Waschen Sie die Säule mit S-Puffer A, bis die UV-absorbierende Grundlinie erreicht ist. Eluieren Sie die Granzyme mit einem linearen Natriumchlorid-Gradienten von 30 Millilitern, Granzym A eluiert bei etwa 650 millimolaren Natriumchlorid, Granzym B bei etwa 700 millimolaren Natriumchlorid und Granzym M bei etwa 750 millimolarem Natriumchlorid. Die granzymhaltigen Fraktionen werden gepoolt und in Spin-Filtern auf etwa 100 Mikromolare konzentriert, die konzentrierten Granzym-Präparate aliquotiert und bei minus 80 Grad Celsius gelagert.

Als nächstes analysieren Sie elucianische Fraktionen mit SDS-Seiten- und Chole-metrischen Assays, um die Chole-metrischen Assays durchzuführen, die kleine Granzymproben aus elluzischen Fraktionen oder konzentrierten Stämmen in 96 verteilen. Nun, flache Bodenplatten enthalten eine Positiv- und eine Negativkontrolle. Fügen Sie jeweils 100 Mikroliter Assay-Puffer hinzu.

Platte 10 Minuten bei 37 Grad Celsius gut inkubieren. Messen Sie abschließend die optische Dichte bei 405 Nanometern in einem Mikroplatten-Reader. Dieses Protokoll wird hohe Ausbeuten an reinen Granzymen erzeugen, wie dieses repräsentative Kumasi-gefärbte SDS-Seitengel zeigt, das Granzyme BE aus der S-Säule zeigt.

Die rekombinanten Granzyme zeigen eine ähnliche Aktivität wie native Proteasepräparate, wie in diesem farbmetrischen Assay gezeigt, der die rekombinante und die native Granzym-B-Aktivität vergleicht. Wichtig ist, dass die Endo-H-Behandlung darauf hinweist, dass die in HEC 2 93 T-Zellen produzierten Granzyme vollständig glykosyliert sind. Die rekombinanten großen Enzyme sind in der Lage, makromolekulare Proteinsubstrate zu spalten, wie in diesem repräsentativen Granzym, einem Spaltassay unter Verwendung des bakteriellen Proteinsubstrats und der UOCD, gezeigt wird.

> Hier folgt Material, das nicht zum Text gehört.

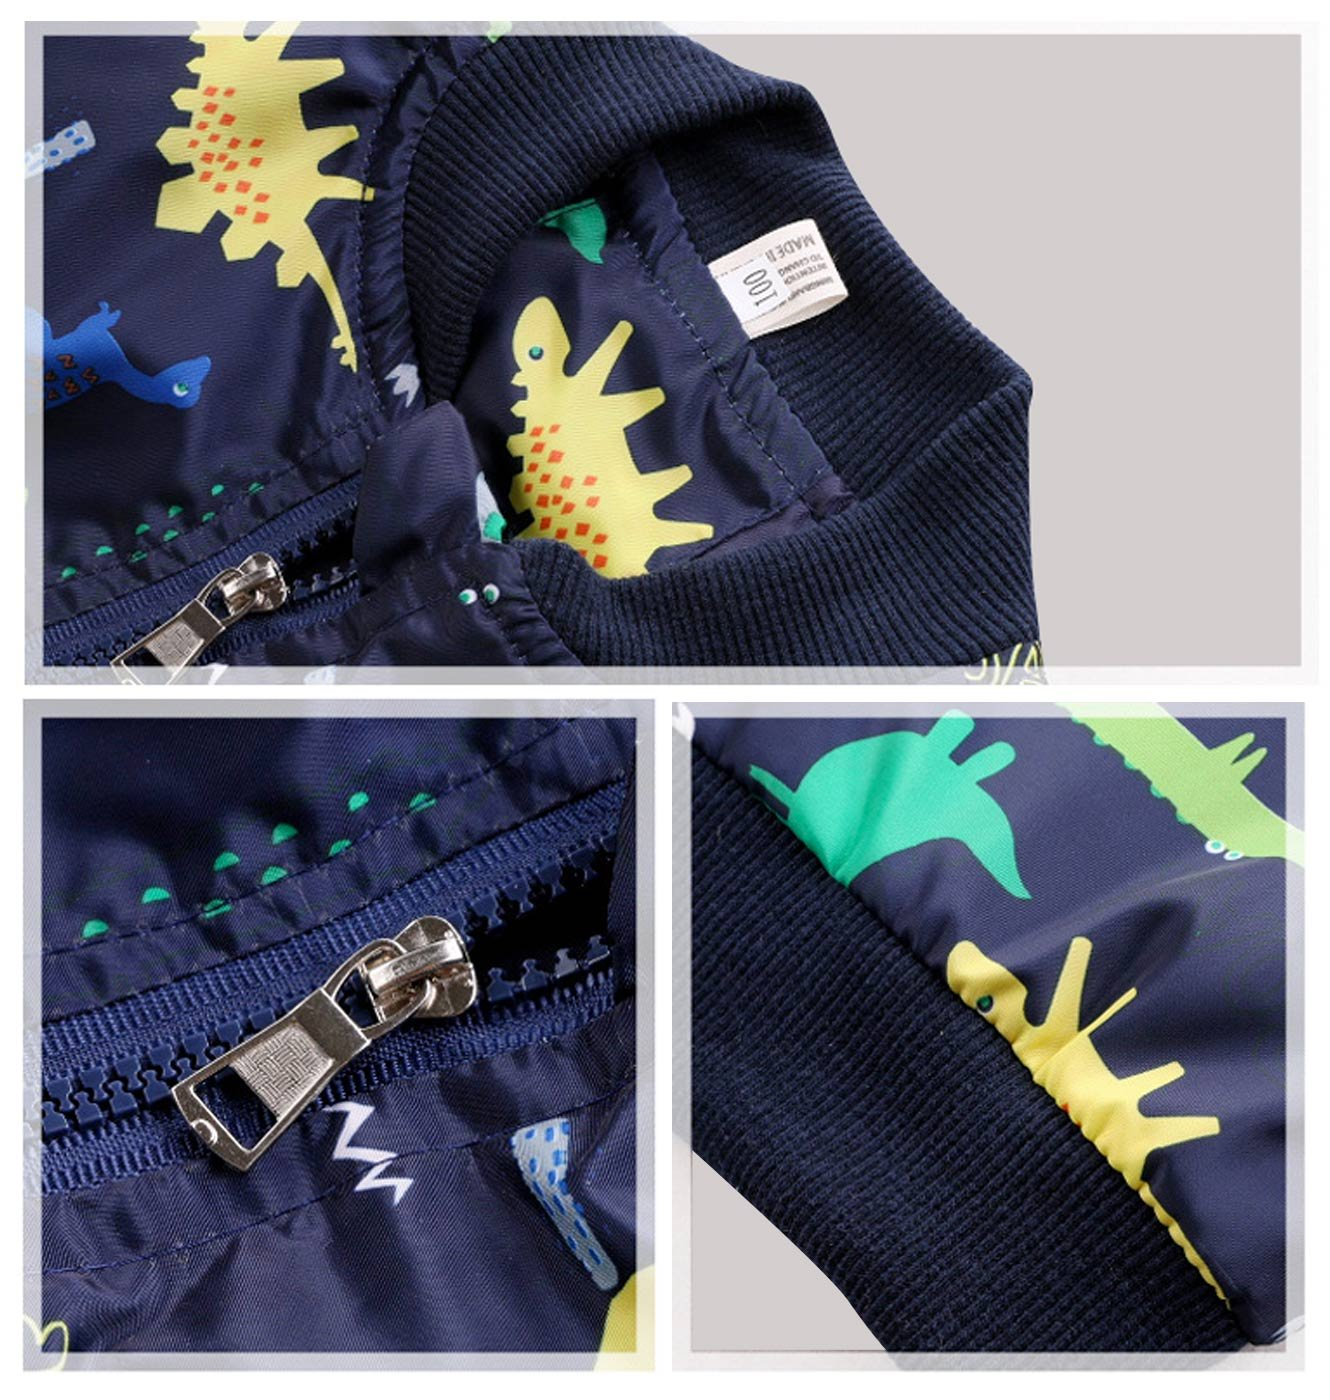 HARVEY JIA - Chaqueta Corto Niño Niña Otoño Primavera con Estampado Dinosaurio Transpirable Suave Abrigo Niña Bebé… 4

Hier verschwindet die Bande, die das gespaltene N-O-U-C-D darstellt, langsam mit zunehmender Granzymkonzentration. Nachdem Sie sich dieses Video angesehen haben, sollten Sie ein gutes Verständnis dafür haben, wie man vollständig glykosylierte und proaktive große Enzyme mit hoher Ausbeute in HK 2 93 T-Zellen herstellt.